The lateral-flow kit for rapid detection of antibodies against M. tuberculosis and M bovis in NHP (Chembio Diagnostic Systems, Inc., Medford, NY) uses a cocktail of recombinant antigens including ESAT-6, CFP10, MPB83, and TBF10, as well as a blue latex bead-based signal detection system. The ready-to-use disposable device consists of a plastic cassette containing a strip of nitrocellulose membrane impregnated with test antigen and laminated with several pads made of glass fiber and cellulose. The test requires a 30-μl serum sample (plasma or whole blood) and 3 drops of sample diluent buffer (included in the kit) that are added sequentially to the sample pad. As the diluted sample migrates to the conjugate pad, the latex particles conjugated to the antigen bind the antibody, if present, thus creating a colored immune complex. Driven by capillary forces, the complex flows laterally across the nitrocellulose membrane and binds to the immobilized antigen, thus producing a visible blue band in the test area of the device. In the absence of a specific antibody, no band develops in the test window. The liquid continues to migrate along the membrane, producing a similar blue band in the control area of the device, irrespective of the presence of a specific antibody in the test sample, demonstrating that the test reagents are functioning properly. Results are read visually 20 min after diluent addition. Any visible band in the test area, in addition to the control line, is considered an antibody-positive result. The absence of a band in the test area is considered an antibody-negative result. Figure 1 shows examples of PrimaTB STAT-PAK assay results obtained with antibody-positive and -negative samples.
RESULTS
Antibody responses and antigen recognition.

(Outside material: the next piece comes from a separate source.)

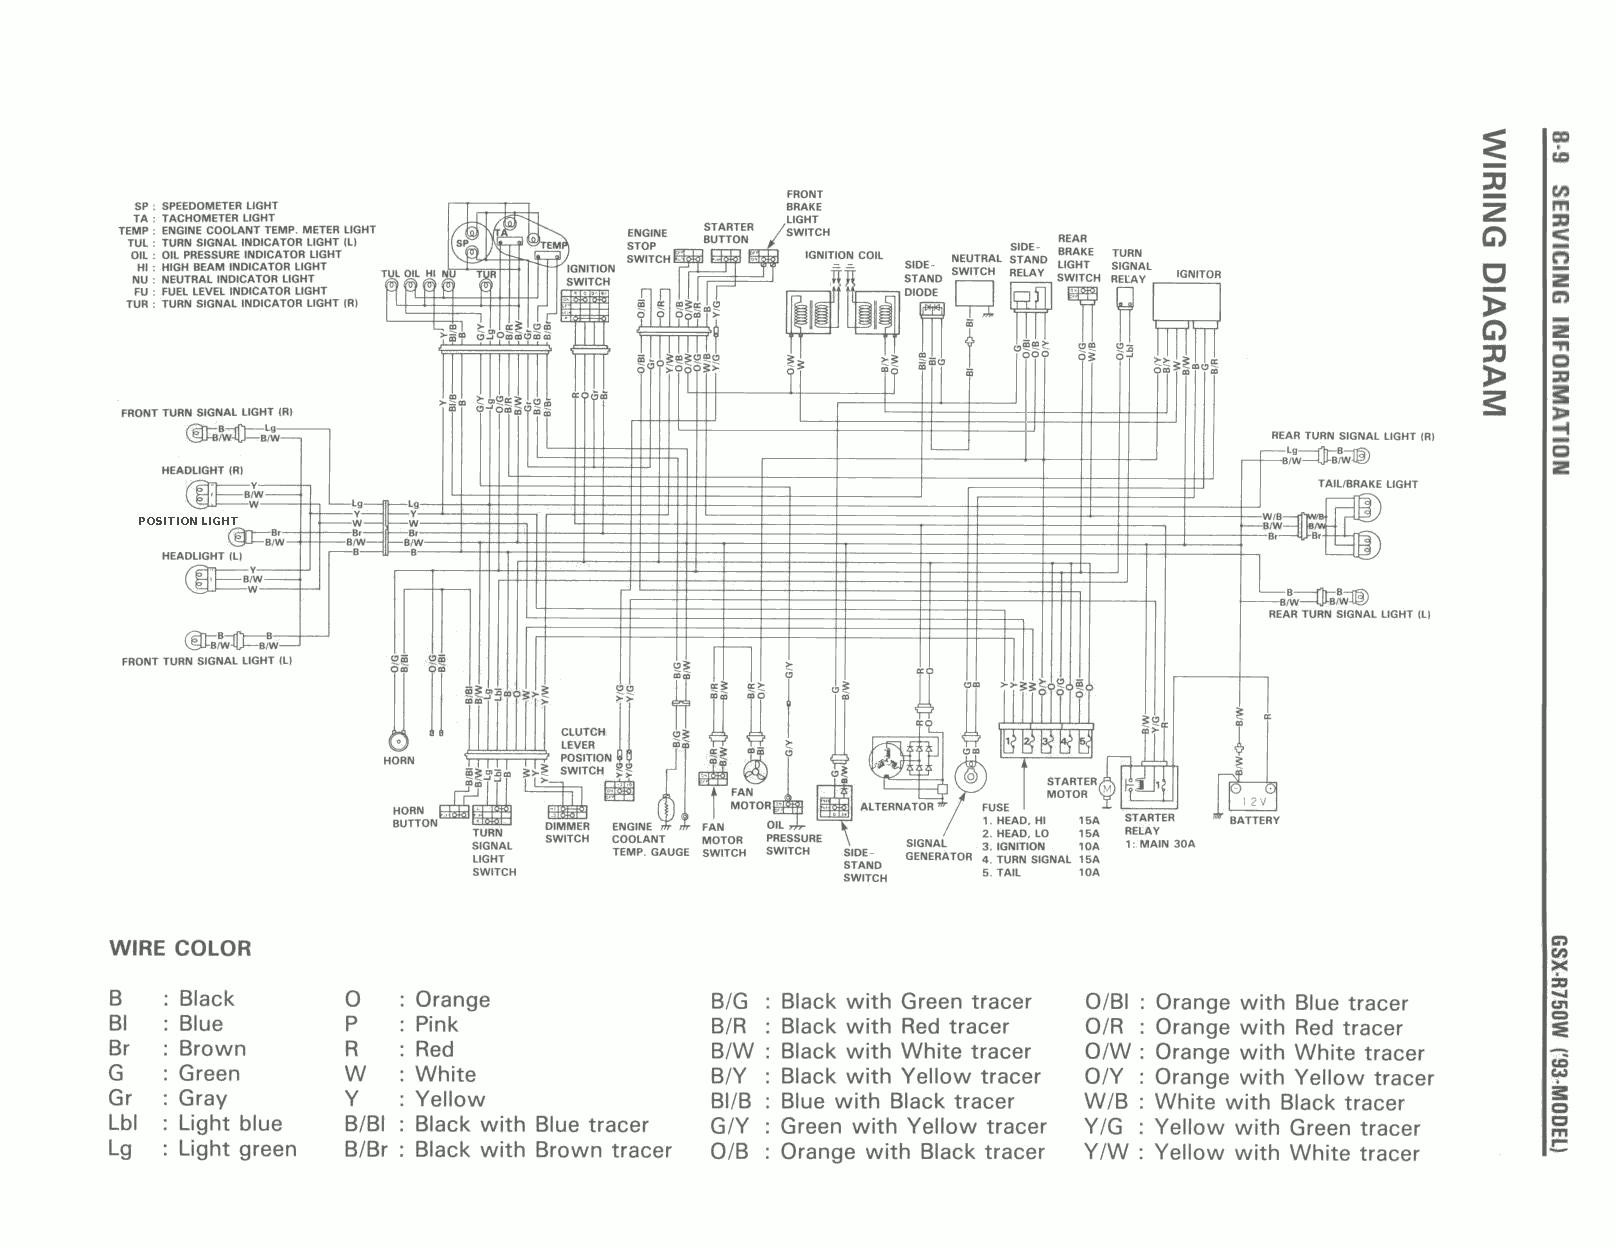 k 6 gsxr 1000 wiring diagram wiring schematics diagram rh enr green com
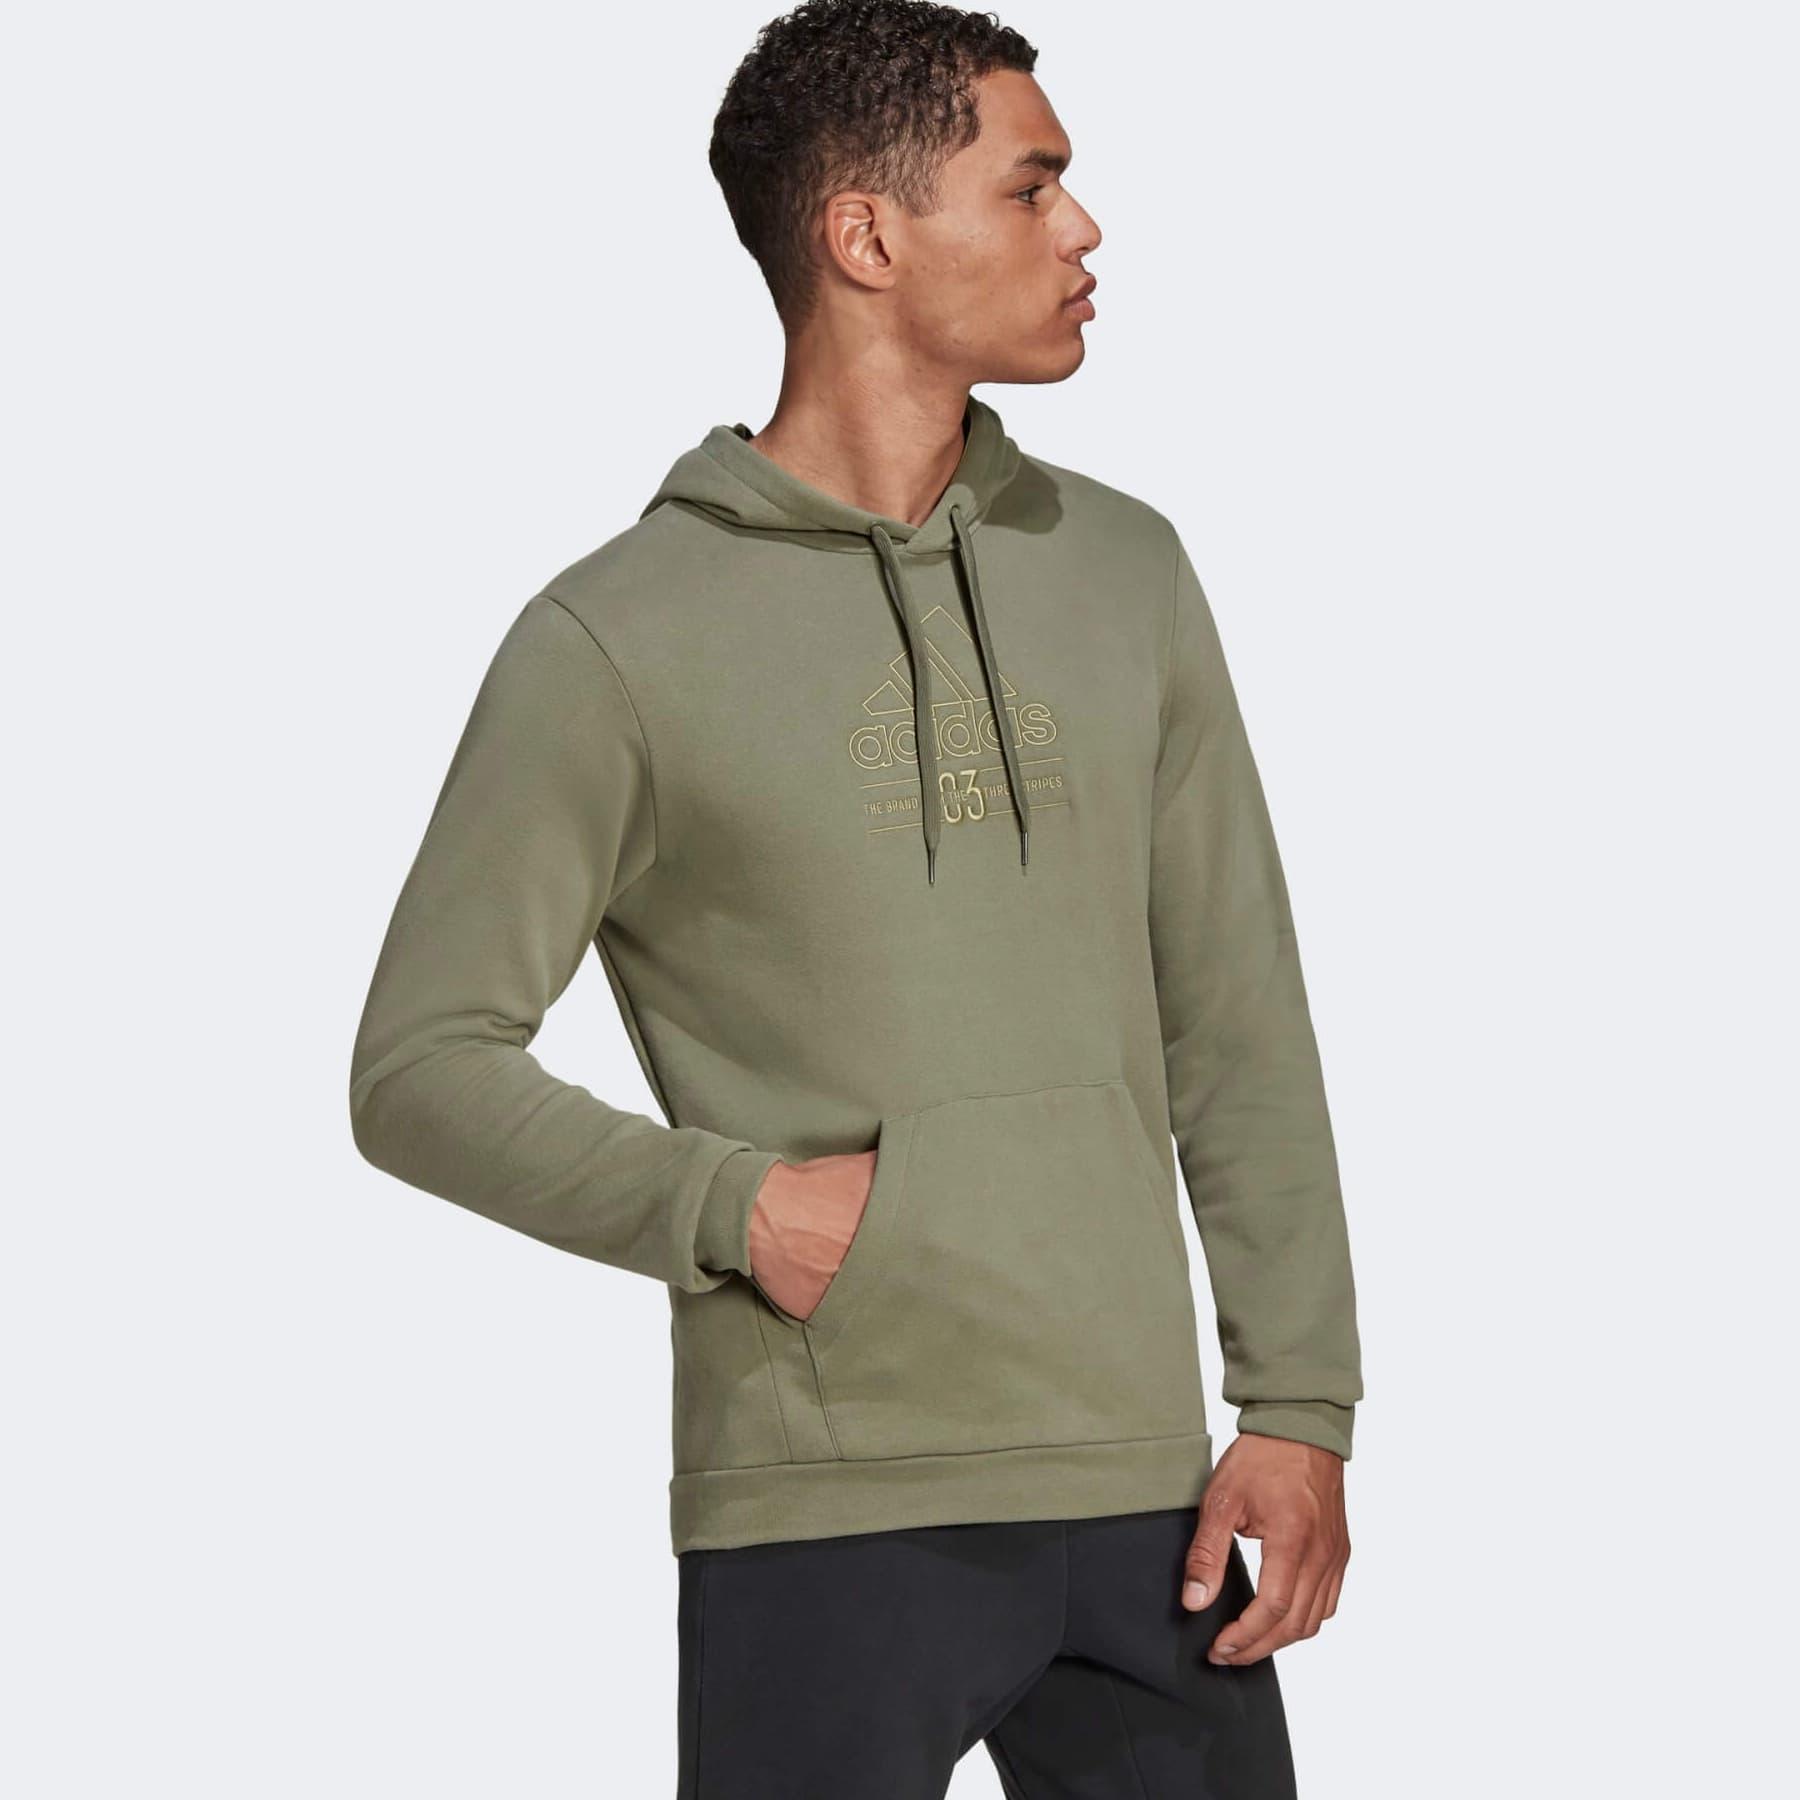 Brilliant Basics Erkek Yeşil Sweatshirt

The humoral immune response during experimental TB was characterized in 14 rhesus monkeys infected with M. tuberculosis at the TNPRC and the University of South Alabama. To identify immunodominant antigens, MAPIA was performed with serum samples sequentially collected at different time points during infection. Examples of MAPIA strips obtained with serial specimens collected from two of the infected monkeys representing different antigen reactivity patterns are shown in Fig. 2. The overall results of the antigen recognition study are summarized in Table 2.
TABLE 2.
Antigen | No. (%) of antibody reactors |
---|---|
Single proteins | |
ESAT-6 | 10 (71) |
MPB83 | 10 (71) |
CFP10 | 7 (50) |
Acr1 | 6 (43) |
MPB70 | 5 (36) |
Mtb8 | 2 (14) |
38 kDa | 1 (7) |
Mtb48 | 0 (0) |
Polyprotein fusions | |
CFP10/ESAT-6 | 11 (79) |
Acr1/MPB83 | 12 (86) |
TBF10 | 9 (64) |
TBF6 | 9 (64) |
The infected animals started producing antibodies at various time points postinoculation. Specific IgG responses could be detected as early as 4 weeks after a challenge with M. tuberculosis. The postinfection serum samples from different monkeys showed various recognition patterns reacting with one or more antigens in the MAPIA (Fig. 2). Seven of eight single recombinant proteins and all four polyprotein fusions were reactive with samples from at least one monkey. None of the antigens was positive with preinfection serum samples. The most frequently recognized proteins were ESAT-6 and MPB83, followed by CFP10, Acr1, MPB70, Mtb8, and the 38-kDa protein of M. tuberculosis (Table 2). The polyproteins had particularly strong reactivity with serum samples that recognized single antigens which were part of the respective fusions (Fig. 2).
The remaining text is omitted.